Dlaczego słowo "elita" jest w dzisiejszych czasach stosowane w tak durny sposób? Przecież większość z tych ludzi nie jest żadną elitą. Elitą się jest, gdy dokonuje się czegoś wyjątkowego. Elita wśród żołnierzy. Elita wśród naukowców. Nawet elita wśród kucharzy. Bycie elitą to coś więcej niż bycie znanym.
Problem taki że jak są znani z niczego to często zostają z czasem twarzą jakiegoś produktu często domu modowego czy innego gówna poza tym ich to nie obchodzi ważne że pieniądze się zgadzają a te akcje proeko to tylko marketing w ich przypadku.
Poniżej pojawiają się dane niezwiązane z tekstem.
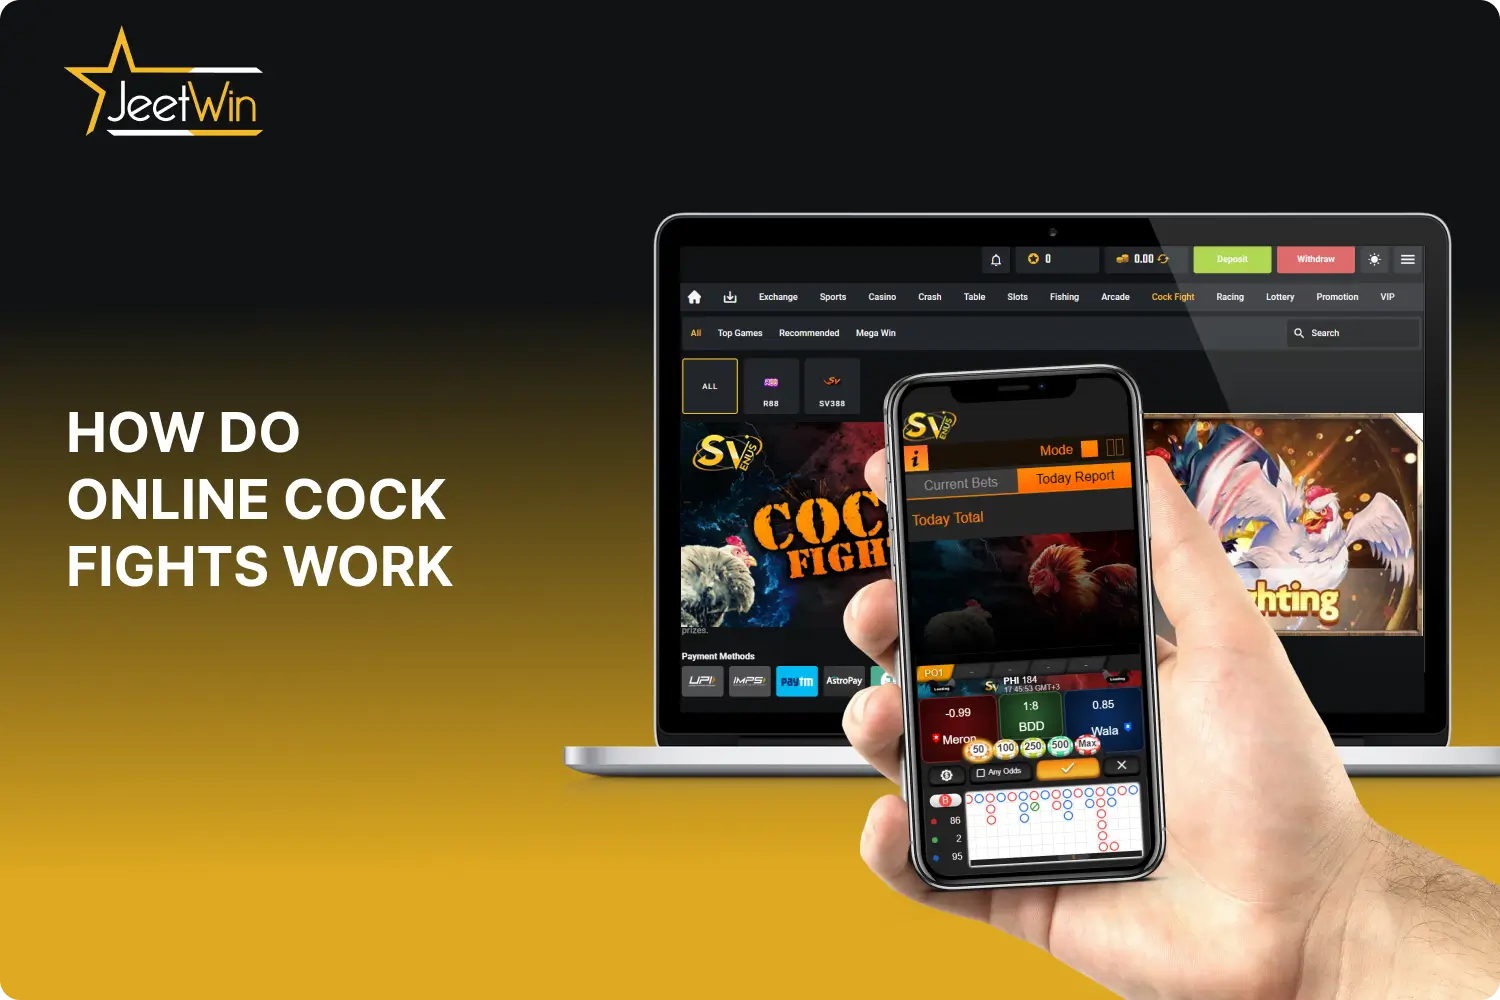 Online cock fights with a simple and straightforward betting system at Jeetwin is appreciated by users in India

Zastanawiam się, dlaczego muszę przesiadać się na transport zbiorowy marnując pół godziny dziennie, podczas gdy celebryci latają kilka-kilkanaście razy w roku na koniec świata. Dlaczego muszę dopłacać za szklane opakowanie, podczas gdy celebryci rzadko ubierają dwa razy to samo ubranie. Fakty są takie, że biedni produkują znacznie mniej CO2 i plastiku niż elity, za to na ekoterrozyzmie najbardziej cierpią najbiedniejsi.
To tego nie rób xd nikt ci nie każe. Ja też latam ileś razy w roku,wszędzie jeżdżę aute i używam plastikowych słomek bo nie mam zamiaru tluc się w autobusach i siedzieć w domu zamiast latać na wakacje
Bo to nie chodzi o żadną ekologię. Oni po prostu chcą wprowadzić na świecie globalny komunizm, gdzie miliardy ludzi żyją jak psy z minimalną ilością własności prywatnej zarobieni po pachy by się utrzymać, a oni jako ubermenche będą sobie tym wielkim łagrem zarządzać korzystając z uroków życia, które są póki co dostępne dla każdego.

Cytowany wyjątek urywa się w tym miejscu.